The roots of Our Lady of Perpetual Help Parish were formed by Czechoslovakian and Hungarian coal miners and their families who came from Wilkes-Barre, Pennsylvania to plant vineyards and make wine under the auspices of a Catholic priest and a land developer, the first 200 in 1893, the second 200 shortly thereafter. They came into Haralson County, where there had been no Catholics, and planted their first vines in a new community called Budapest. Three years later and three miles to the north at Nitra, a home for the priest and a church were built. (ln the first town in Georgia in which the only church was a Catholic Church.)
However, in 1907, twelve years ahead of the national Volstead (prohibition) Act, Georgia passed a State Prohibition Act, the community of Budapest-Nitre’s Tokay industry fell into ruins, and many of the original families were dispersed. Thereafter, the church burned and the priest’s house was sold. The nearest Catholic churches then were in Atlanta, sixty miles east, or Rome, forty miles north, over dirt roads, and reachable only by wagon . But the: remaining Hungarian Catholics were saved the long trip by missionaries who came from Atlanta or Rome once a month, first to Budapest, then for a short time to Bremen, then to Budapest again to sap Mass for them. By 1952 the missionaries were coming to Carrollton where there was a growing Catholic population who were joined by the Haralson County remainder.
In that year the Episcopal congregation of Carrollton, having outgrown their pretty little frame church, offered it for sale. (This is the church, built in 1894, which is now on the University of West Georgia campus and is known as Kennedy Chapel.)
Inspired by Father Charles E Duke, S .M. from St. Joseph’s parish in Marietta, the latest of the faithful missionaries, the Catholic congregation of northern imports, a few native Georgia Catholics, and the children of the Budapest Catholics got to work to raise the scary sum of $8,500 the Episcopalians were asking. The ladies first Nearly-New Sale was also the first big financial success; the men solicited local businesses and raised $500; the Catholic Church Extension Society contributed a generous gift. With the blessing of Most Rev. Francis E. Hyland of Savannah, the small congregation could take on a mortgage.

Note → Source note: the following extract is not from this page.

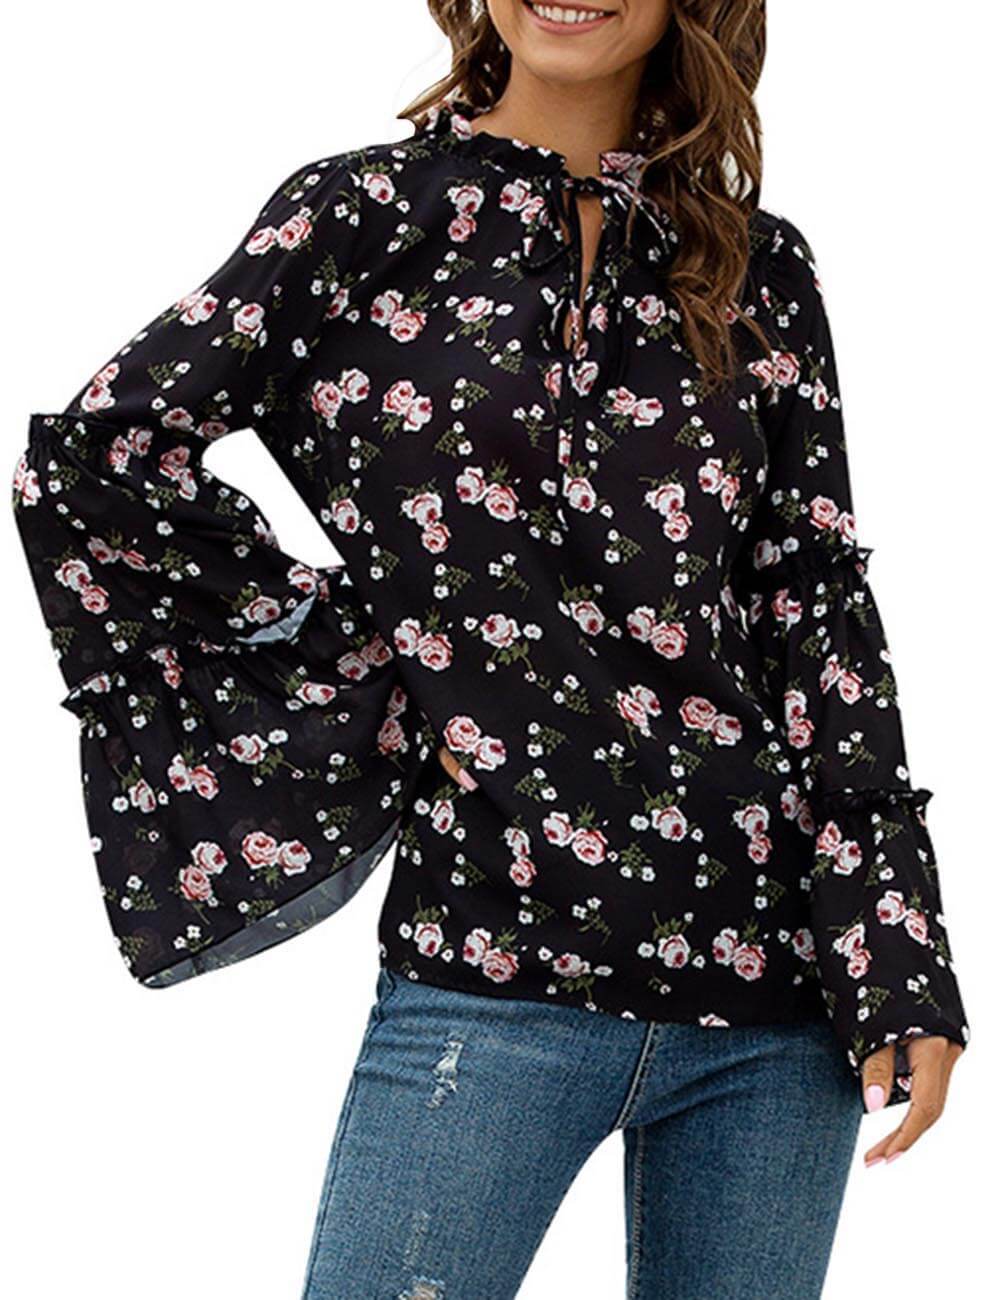  Women‘s Boho Floral Printed Tie Neck Tops Summer Flared Bell Sleeve Chiffon Loose Blouses T-Shirt

The Episcopal Church of St. Margaret of Scotland became the Catholic Church of Our Lady of Perpetual Help, to which Father Duke journeyed to celebrate Mass and other devotions. The church was gradually furnished with an altar, statues of the Blessed Virgin and the Sacred Heart, a Communion rail, a Confessional, and an organ sent over from Cedartown (for which the church was later billed and which was cheerfully paid for). Next a concrete block parish hall was built next to the church where meetings, social events, religious instructions, and the Nearly-New Sales could be held.
Then in December 1958, the congregation began to think about building a new, larger church. Offered land by Eaton and Susan Hayward Chalkley on Old Center Point Road, the Chancery greatly appreciated the offer because the location, directly across the road from the Chalkley ranch, was near the projected I-20 highway and also in a central location for the parishioners in Carroll and Haralson counties.
Again, everyone had to pitch in; the ladies and men raised money, the men helped the builders, and out very ambitiously-sized church (for a congregation of fewer than fifty families) took shape. On March 25, 1962 the new church was dedicated.
Finally, in June 1965, Our Lady of Perpetual Help Parish was officially founded. Father Richard B. Morrow, first pastor, had led the way brilliantly through all the preliminary planning and actual construction. A fine rectory and parish cemetery followed.
The Carrollton mission of less than a dozen families has grown into a parish in excess of 1400 families. Currently the descendants of the first Hungarian and Czechoslovakian Catholics join their brother and sister parishioners in one of the most beautiful rural Catholic Churches and parish settings in the State.